The agency is led by the Director of Public Prosecutions. The Director is appointed by the Government of Ireland, who must have at least ten years of experience as a barrister or solicitor and is appointed a civil servant.

The Office has 202 staff and a budget of €44.8 million. The Director is assisted by a Deputy Director of Public Prosecutions and four units within the office including an Administration Division. Of the staff employed, 110 work as lawyers.

Barristers are selected by the DPP to be employed as prosecution counsel to conduct advocacy in courts. Fees for barristers in 2018 were €17.4 million.

The DPP oversees most prosecutions, especially since the Central Criminal Court is located in Dublin. It instructs Local State Solicitors for prosecutions which take place outside Dublin in the Circuit Court and occasionally in the District Court.
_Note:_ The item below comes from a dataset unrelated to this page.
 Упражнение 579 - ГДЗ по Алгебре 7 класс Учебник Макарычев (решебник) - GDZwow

These lawyers are retained on a contractual basis by county.

There were 14,854 files sent to the DPP in 2018.

== Functions ==
=== Overview ===
The functions of the DPP and the office are outlined in the Prosecution of Offences Act 1974. It requires the Director to deal with "criminal matters" which include overseeing criminal proceedings through the courts, applications arising from criminal proceedings or any connected other proceedings. The DPP is also required to deal with election and referendum petitions, and is predominantly non-criminal in nature.

=== Pre-prosecution ===
The Directing Division receives findings from investigations by the Gardaí and other enforcement agencies. It is frequently said that a "file has been prepared for the Director of Public Prosecutions" following an investigation. The Division decides if whether there should be a prosecution or whether to end a criminal investigation. It must decide if there is enough prima facie evidence that could result in a conviction.
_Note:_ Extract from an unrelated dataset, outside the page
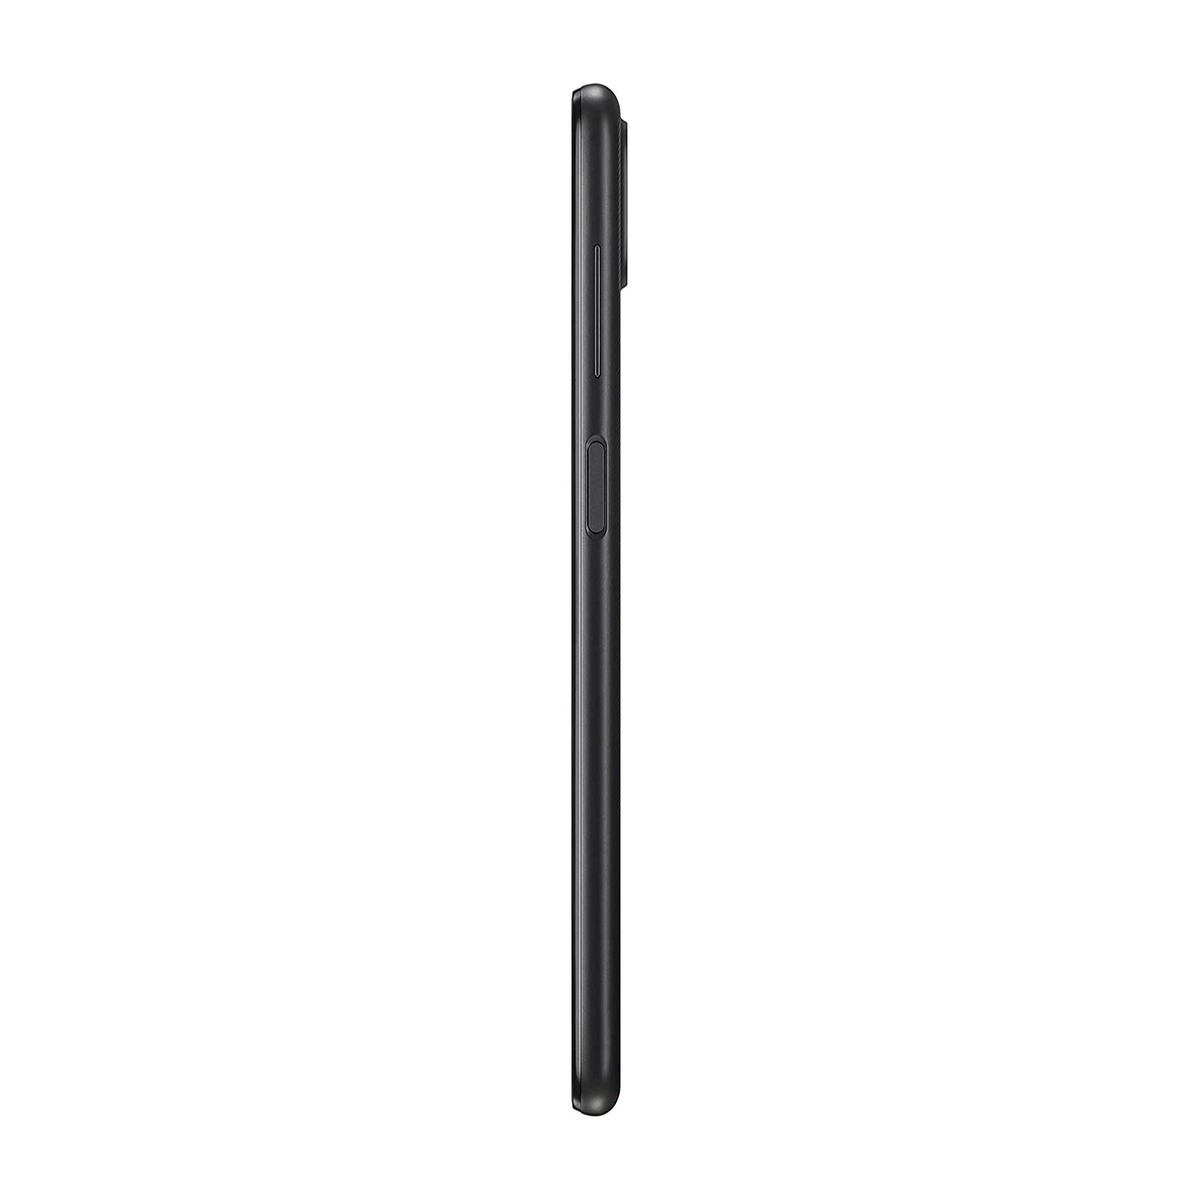 Samsung Galaxy A12-SMA127FZ 64GB Black

The time taken to determine whether to charge varies depending on the complexity of the case. The DPP considers decisions to prosecute on the basis of the amount of evidence and what is judged to be in the public interest.

=== Prosecutions ===
The Solicitors Division is involved in the preparation of cases for trial and is led by the Chief Prosecution Solicitor. The DPP states its aim as being "to ensure that a just verdict is reached at the end of the trial process and not to strive for a conviction at all costs." Following the receipt of directions from the Directing Division, the Solicitors Division prosecutes cases in the District Court (if not delegated to a State Solicitor) or instructs counsel for higher courts. It responsible for preparing books of evidence, attending trial and liaising with parties and other agencies and dealing with appeals.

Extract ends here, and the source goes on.